— Data extract —
▬▬▬▬▬▬

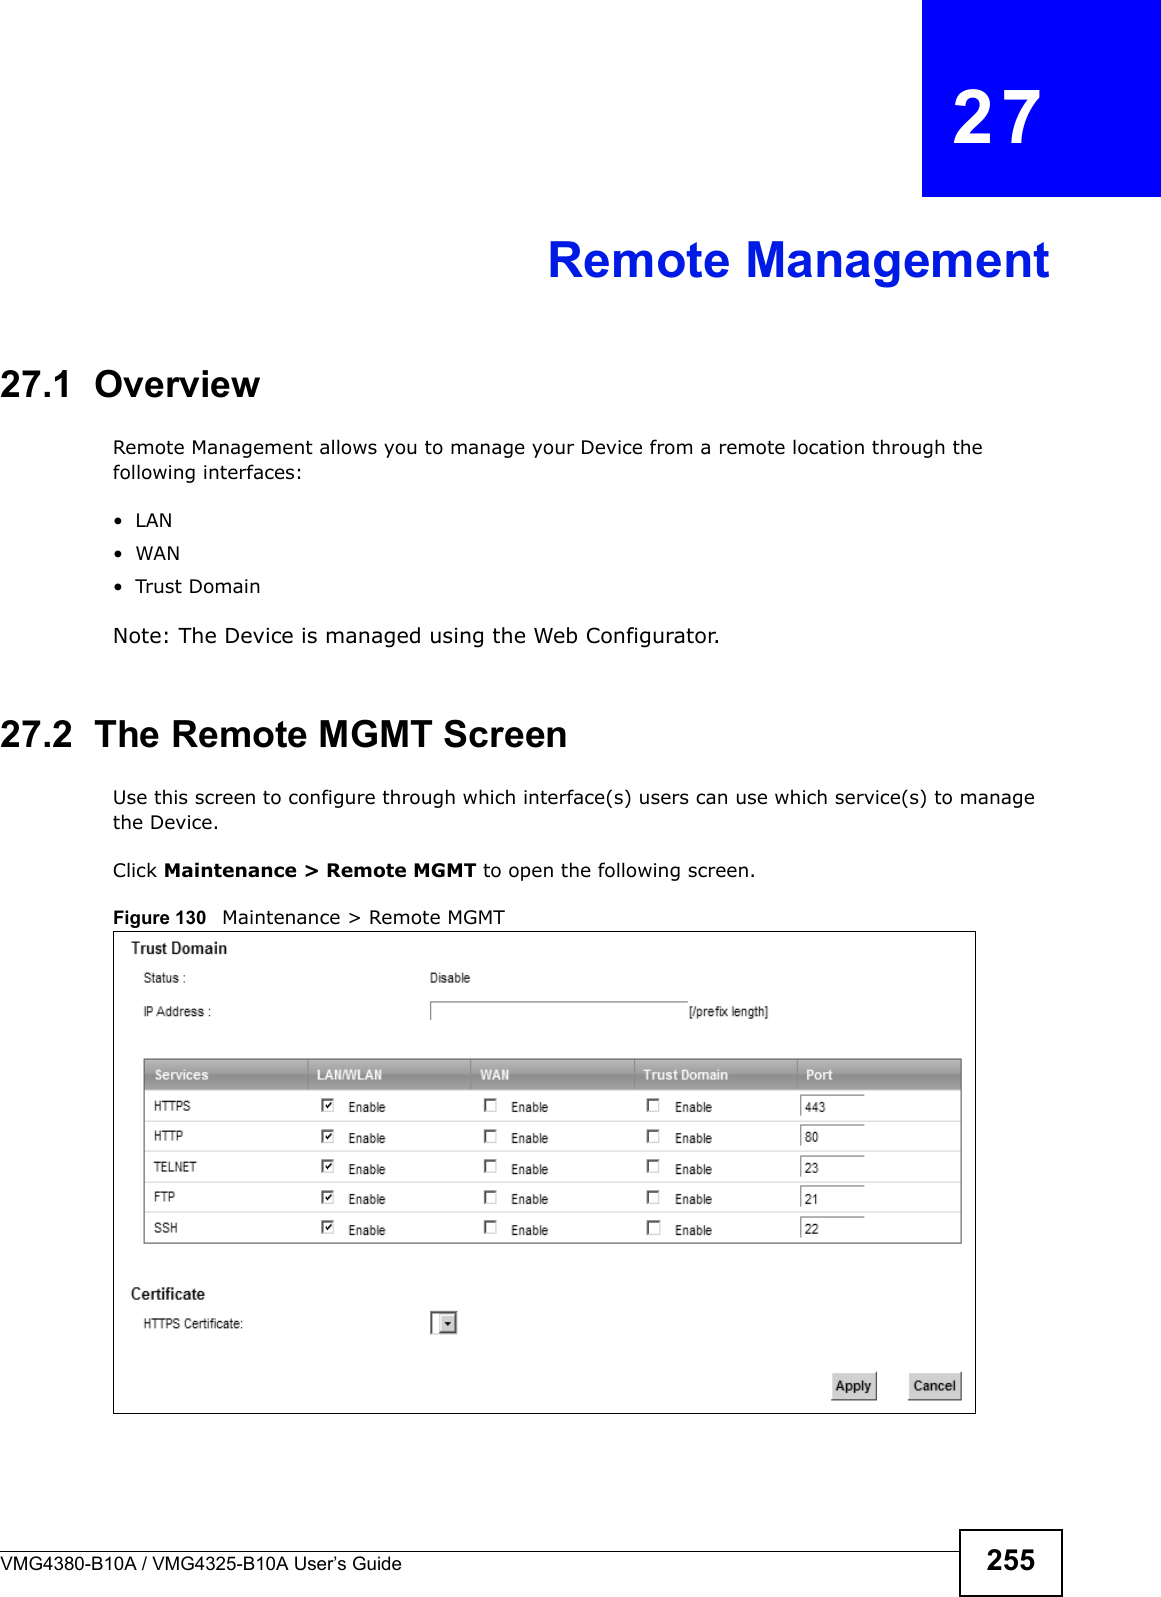 VMG4380-B10A / VMG4325-B10A User’s Guide 255CHAPTER  27Remote Management27.1  OverviewRemote Management allows you to manage your Device from a remote location through the following interfaces:• LAN• WAN• Trust DomainNote: The Device is managed using the Web Configurator.27.2  The Remote MGMT ScreenUse this screen to configure through which interface(s) users can use which service(s) to manage the Device.Click Maintenance &gt; Remote MGMT to open the following screen. Figure 130  Maintenance &gt; Remote MGMT 
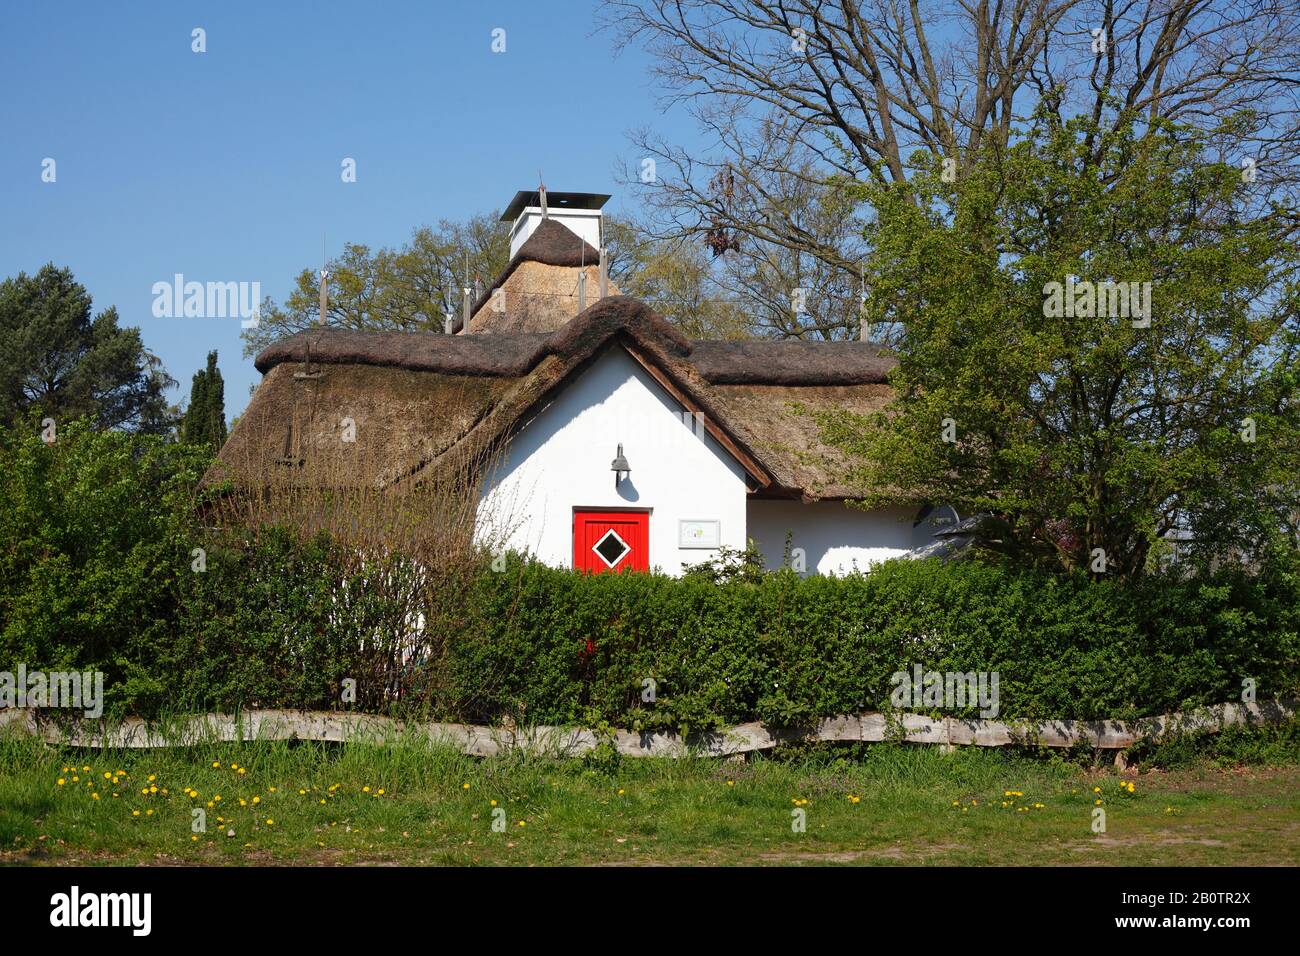 Modern thatched residential building, single family house, Fischerhude, Lower Saxony, Germany, Europe Stock Photo
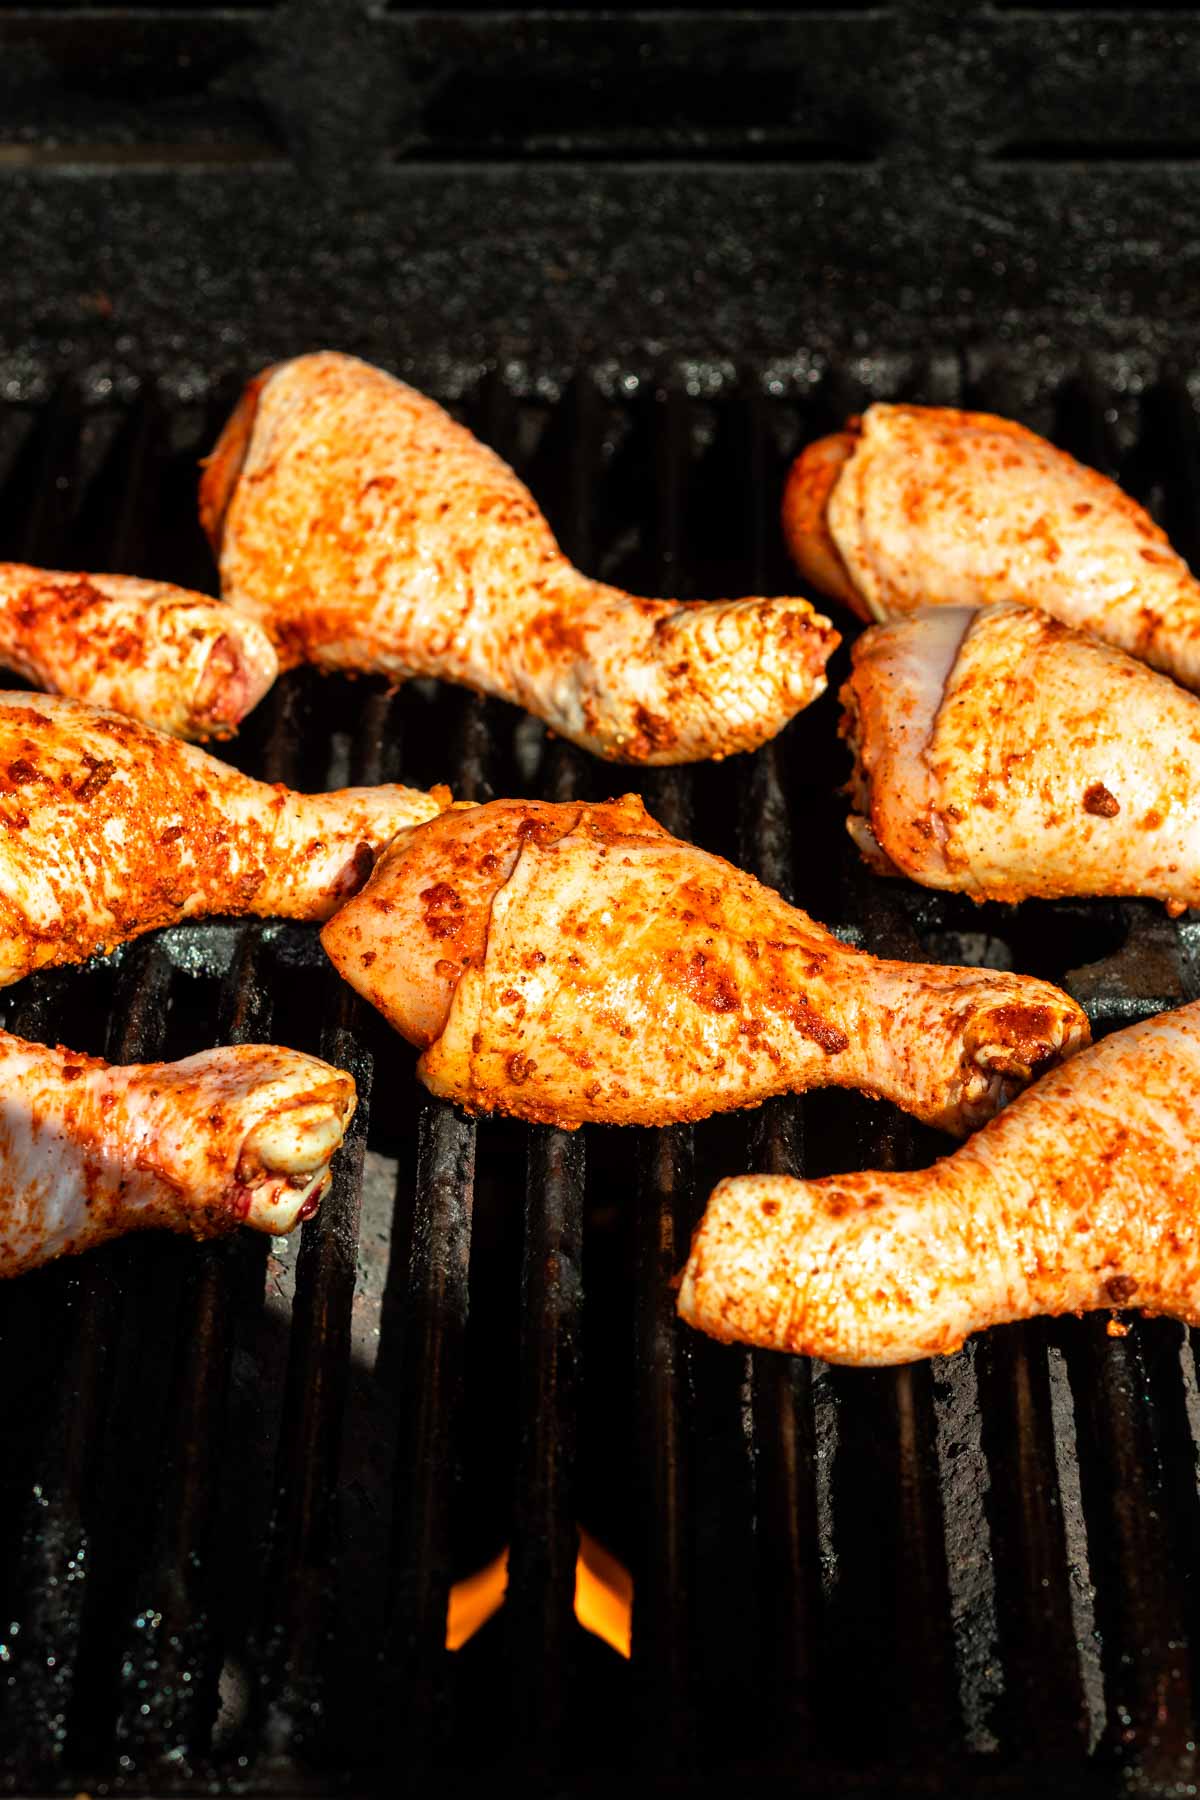 Uncooked chicken legs on a hot grill.

▬▬▬▬▬▬

— Exercise instructions —
All of the material above is to be copied exactly, with no pictures.

— Your solution —
 VMG4380-B10A / VMG4325-B10A User’s Guide 255CHAPTER  27Remote Management27.1  OverviewRemote Management allows you to manage your Device from a remote location through the following interfaces:• LAN• WAN• Trust DomainNote: The Device is managed using the Web Configurator.27.2  The Remote MGMT ScreenUse this screen to configure through which interface(s) users can use which service(s) to manage the Device.Click Maintenance &gt; Remote MGMT to open the following screen. Figure 130  Maintenance &gt; Remote MGMT 
 Modern thatched residential building, single family house, Fischerhude, Lower Saxony, Germany, Europe Stock Photo
 Uncooked chicken legs on a hot grill.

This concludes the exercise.